Facebook announced it’s partnering with leading health organizations, including the WHO, and experts in other industries, to help solve “vaccine hesitancy.”
The coalition, called the Alliance for Advancing Health Online, was announced via a blog post on Facebook’s Newsroom. The purpose of the alliance is “to advance public understanding of how social media and behavioral sciences can be leveraged to improve the health of communities around the world.”
Facebook’s partners in the initiative include, the WHO, the CDC Foundation, the Bay Area Global Health Alliance, the MIT Initiative on the Digital Economy, Merck, Sabin Vaccine Institute, the Vaccine Confidence Project at the London School of Hygiene and Tropical Medicine, and the World Bank.
Facebook and pharmaceuticals giant Merck have each committed $20 million to the “multiyear initiative.” For now, the alliance will “focus on addressing vaccine hesitancy and vaccine equity among underserved communities.”
Vaccine proponents see negative online conversations about vaccines as an issue.
“Social media is a powerful, constantly evolving tool that is shaping opinions and behaviors across the globe,” said Heidi Larson, PhD, head of the Vaccine Confidence Project at the London School of Hygiene and Tropical Medicine. “The Alliance will help us build a deeper understanding of the dynamics of health communication online and how the global community can use social media to improve health.”

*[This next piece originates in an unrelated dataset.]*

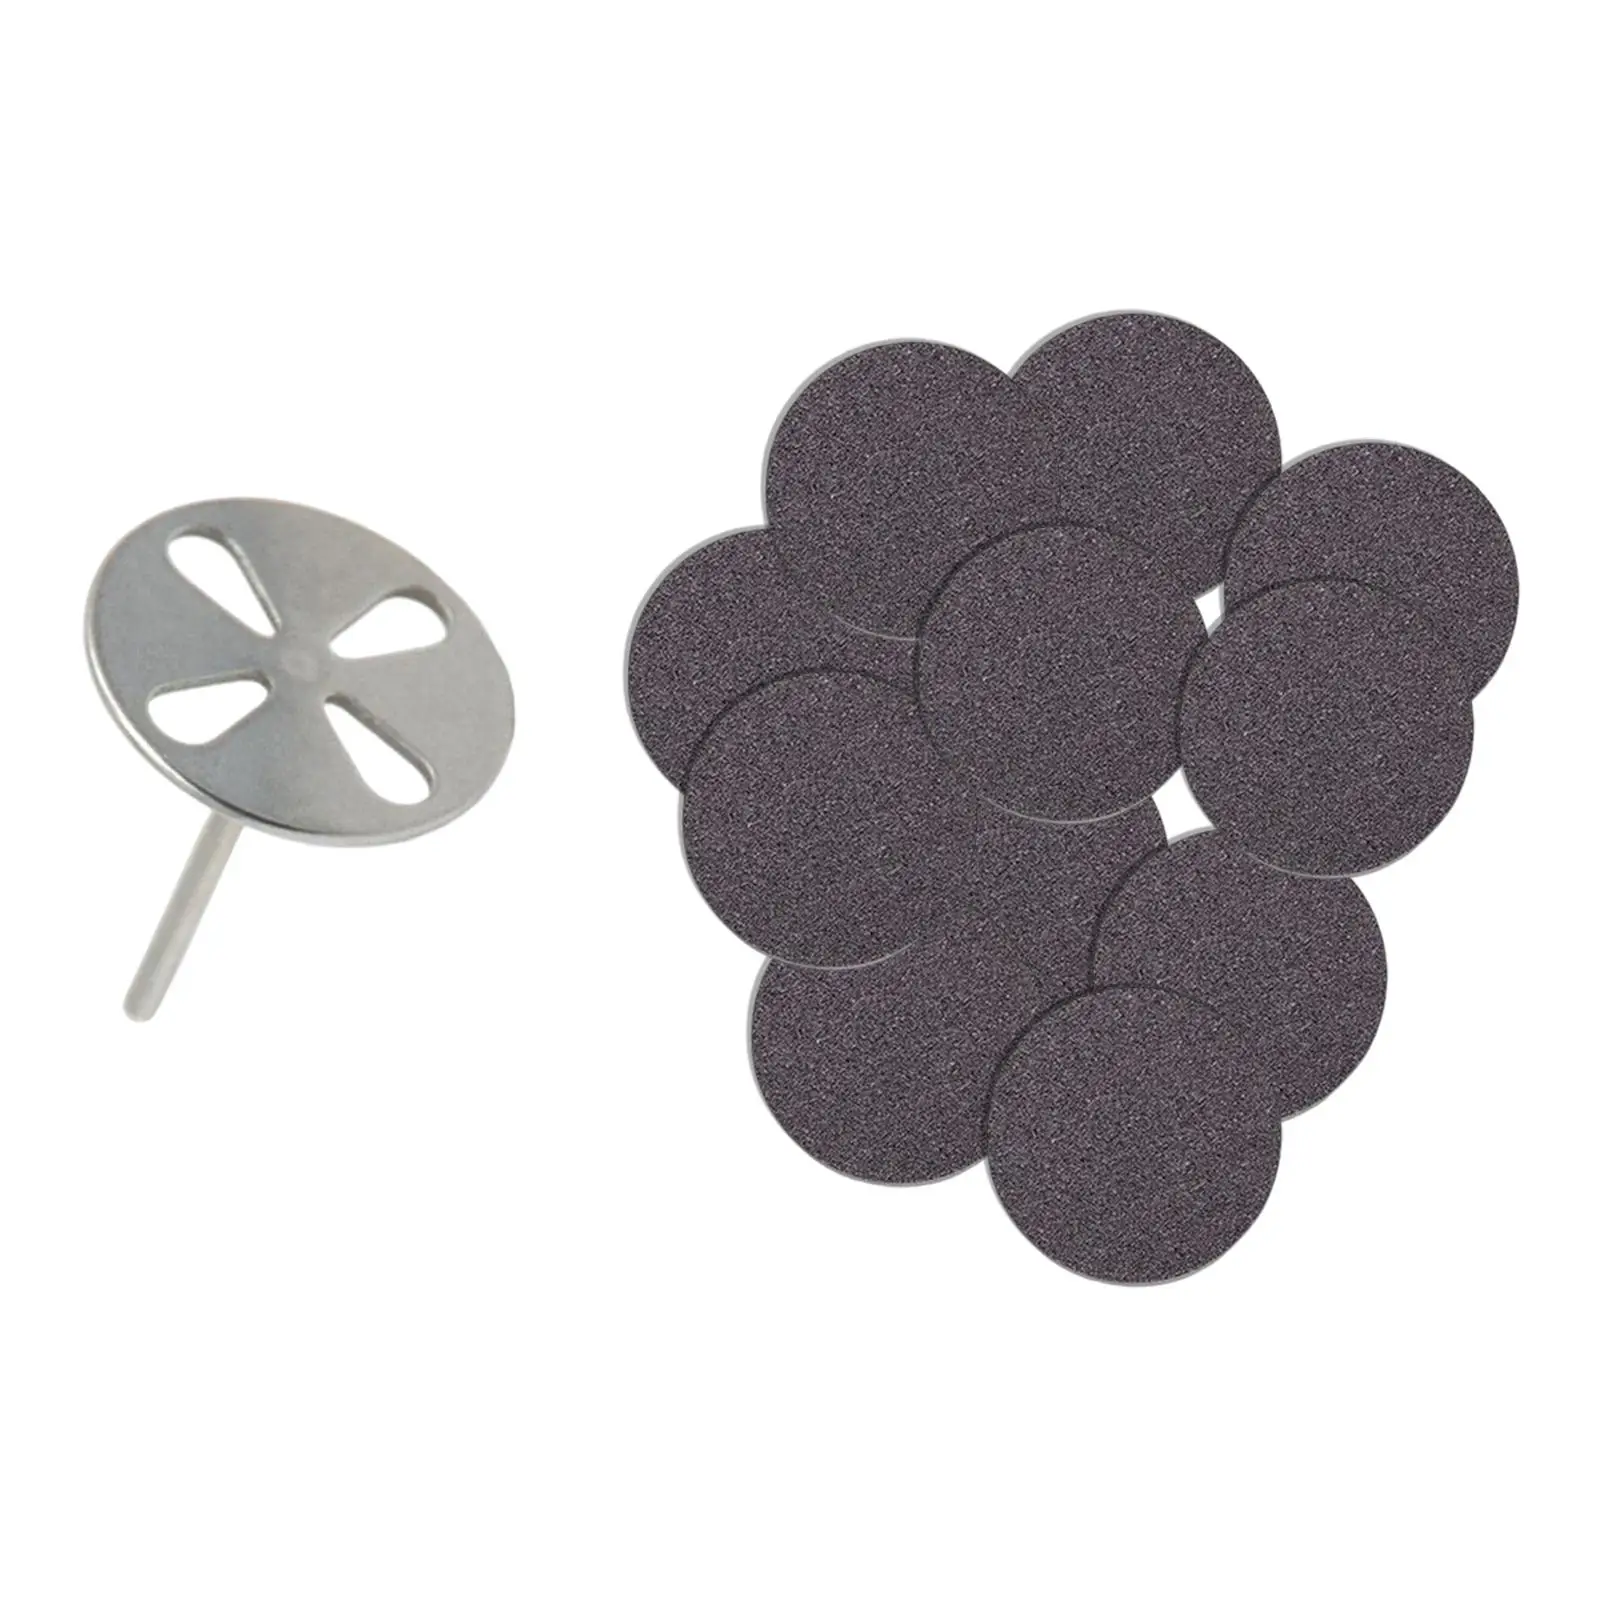 100Pcs 25mm Sand Papers Grinding Disc Tool Replacement for Electric Foot File Quick Shortening Nails Pedicure Tool Hard Skin

Critics, and vaccine skeptics, will argue that the purpose of the initiative is to control or change people’s “health behavior.” And they will not be wrong. Merck’s press release about this new initiative states that “the Alliance intends to create a global network of centers of social media and health research focused on improving health behavior via online platforms.”
Others will be suspicious of the whole alliance because of WHO’s involvement. The global health organization has been the subject of controversy in the past year because of its contradictory guidelines on the pandemic. Most notably, the organization deemed the lab leak theories false, leading to accusations that the organization was trying to protect China.